TL;DR

  • Risk level: High
  • Who is affected: Any developer who followed Google’s official guidance to embed AIza... API keys in public HTML or JavaScript
  • Main issue: Keys created for Google Maps, Firebase, and other “public” services silently gained access to Gemini when the Gemini API was enabled on the same project
  • Scale: 2,863 live exposed keys found in a single November 2025 web crawl dataset—including keys on Google’s own infrastructure
  • Attack cost: Near-zero. Attacker scrapes your page source, copies the key, and calls the Gemini API
  • Damage: Private file access, AI bill fraud (~$1,000s/day), quota exhaustion

What the platform does

Google Cloud uses a single API key format—strings beginning with AIza—for two fundamentally different purposes:

UseIntended sensitivityOfficial guidance
Google Maps embedPublicPaste directly into HTML
Firebase project identifierPublicSafe to expose in client code
Gemini API authenticationSecretRequires restricted, private key

The problem: Google uses the same key format and the same key objects for all three.

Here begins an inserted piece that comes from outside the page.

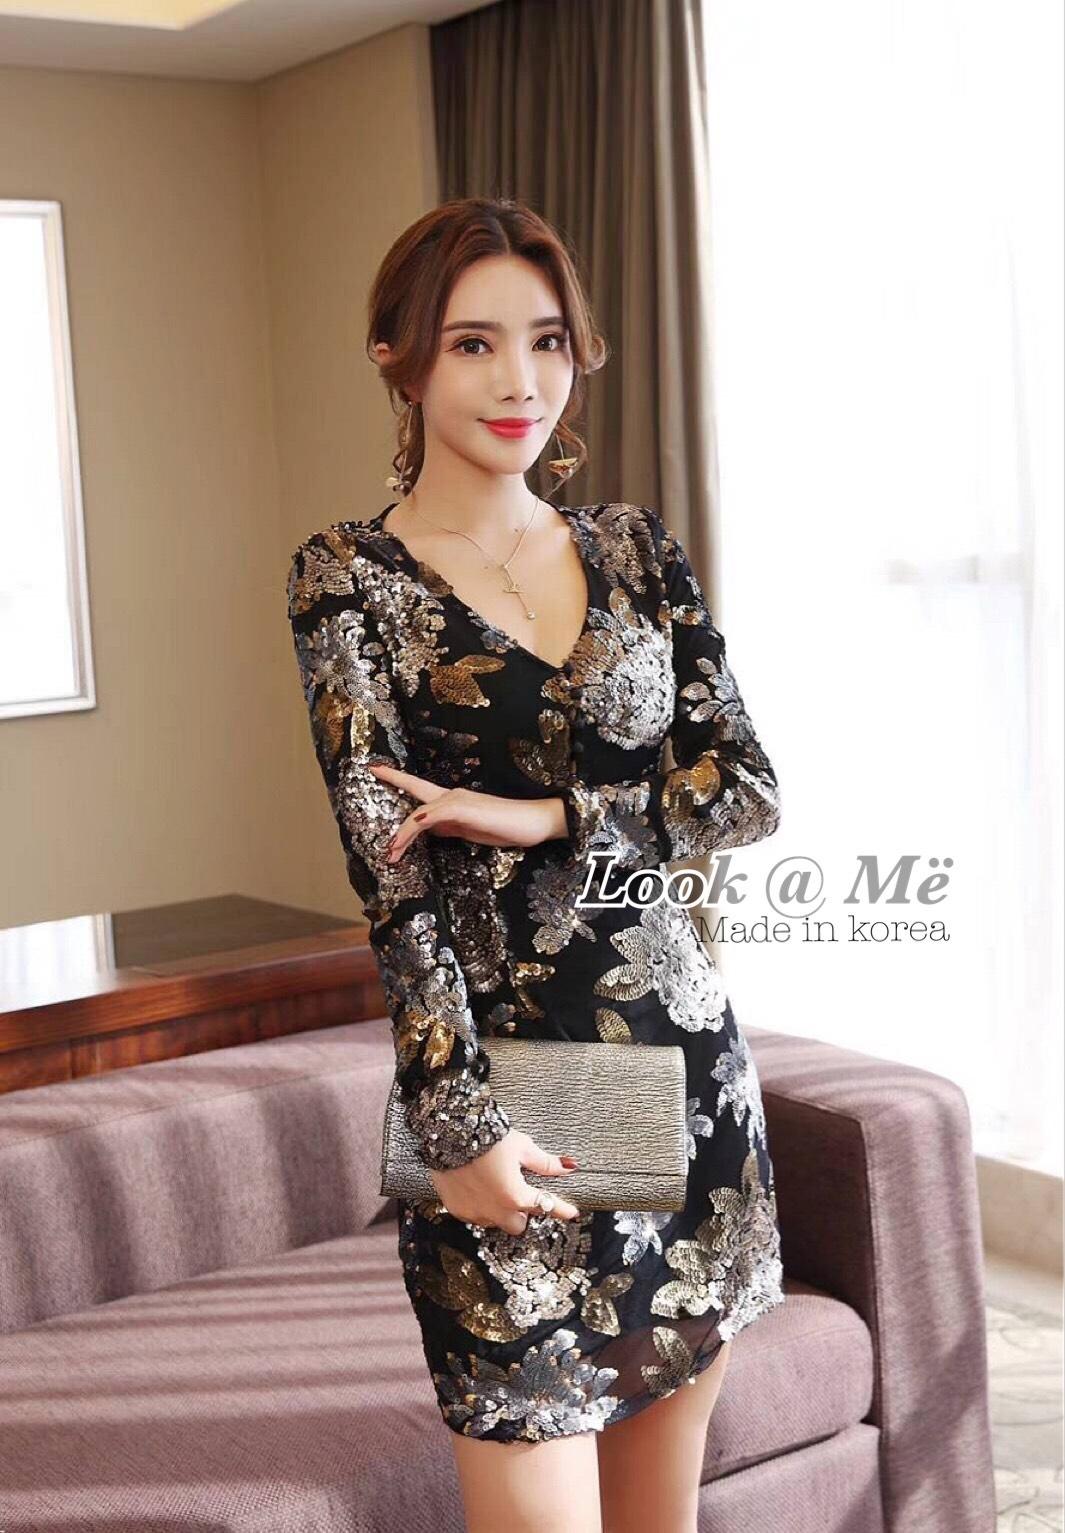 เดรสแฟชั่น Dress ชุดกระโปรงสุดแซปแขนยาวสีดำ ปักเลื่อมดอกไม้แน่นทั้งชุด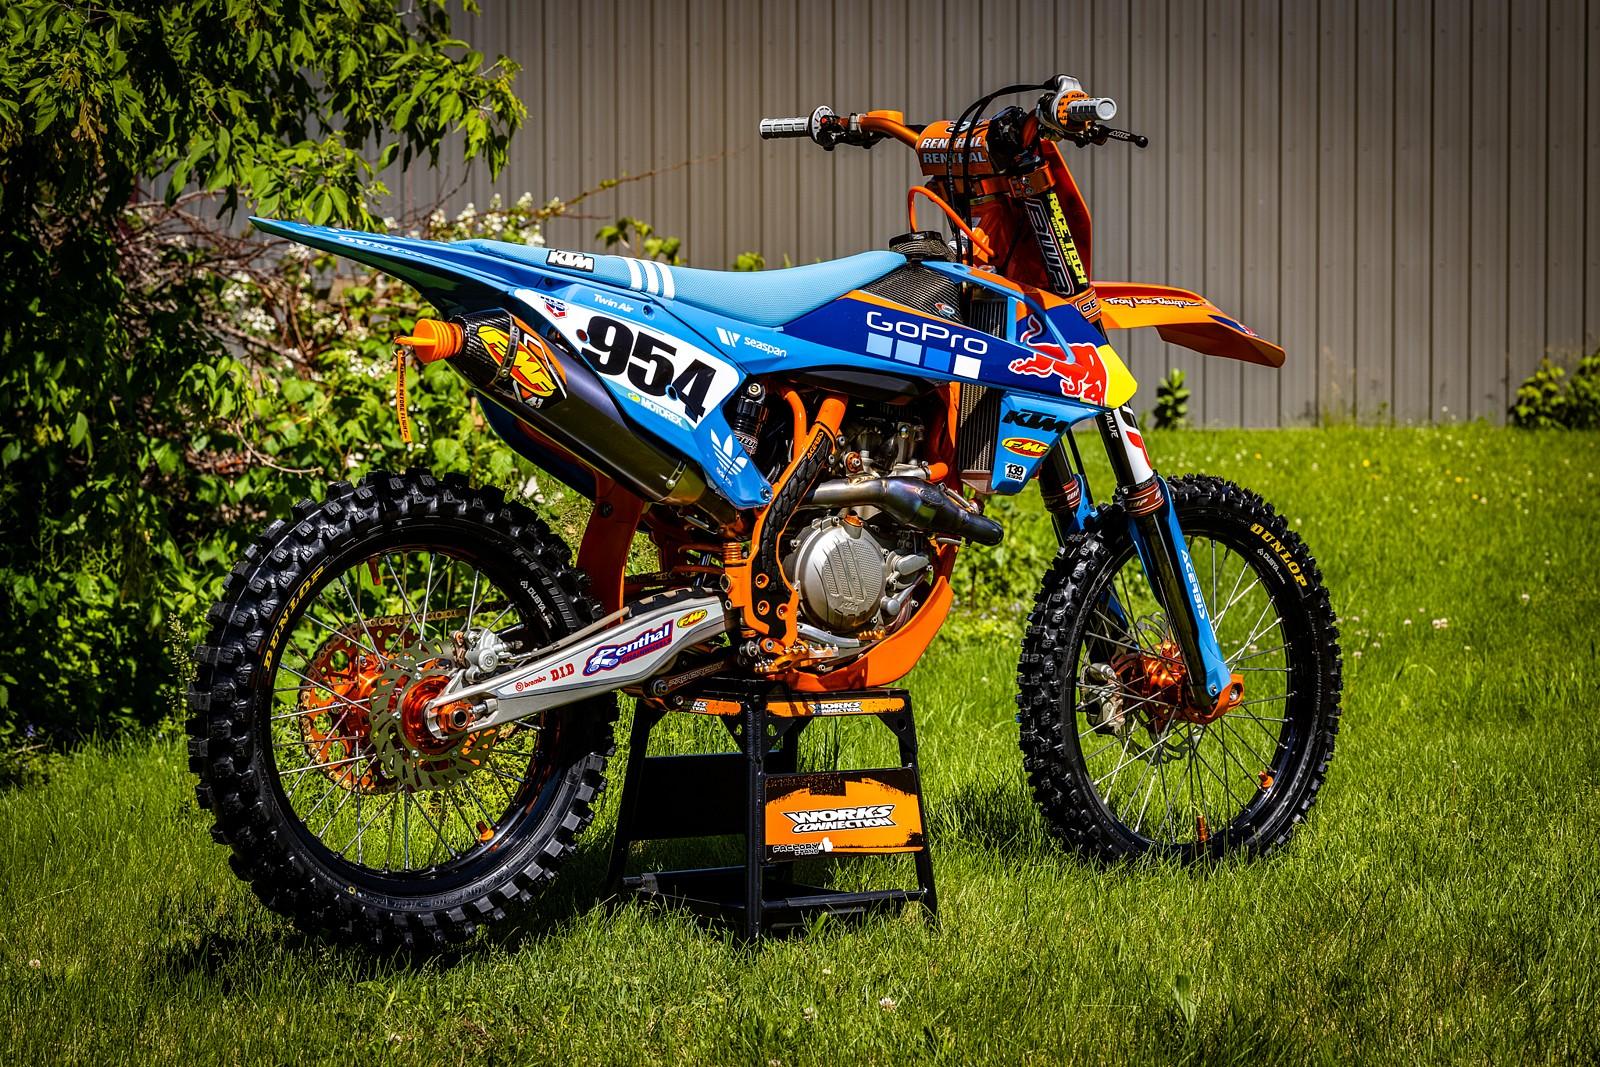 ktm 18 - GForce MMG - Motocross Pictures - Vital MX

Google’s own Firebase security checklist explicitly stated: “API keys are not secrets.” Google Maps documentation instructed developers to paste keys directly into their HTML. This was correct advice—for a decade.

Then Gemini arrived.


The actual risk

Retroactive privilege escalation

When a developer enables the Gemini API (generativelanguage.googleapis.com) on a Google Cloud project, every existing unrestricted API key in that project immediately gains access to Gemini endpoints. No warning is shown. No confirmation is required. No email notification is sent.

The sequence:

  1. Developer creates an API key in 2022 for Google Maps and embeds it in public JavaScript, exactly as Google instructed
  2. In 2025, someone on the team enables the Gemini API for an internal prototype
  3. That 2022 Maps key—sitting in public source code on thousands of cached pages—is now a live Gemini credential
  4. The developer is never told

This is not a misconfiguration by the developer. It is a privilege change applied retroactively to a key that was correctly deployed in a public context.

Insecure defaults

New API keys created in Google Cloud Console default to “Unrestricted”—valid for every API enabled in the project, including Gemini. A developer creating a key for a map widget is silently generating a credential capable of accessing sensitive AI endpoints.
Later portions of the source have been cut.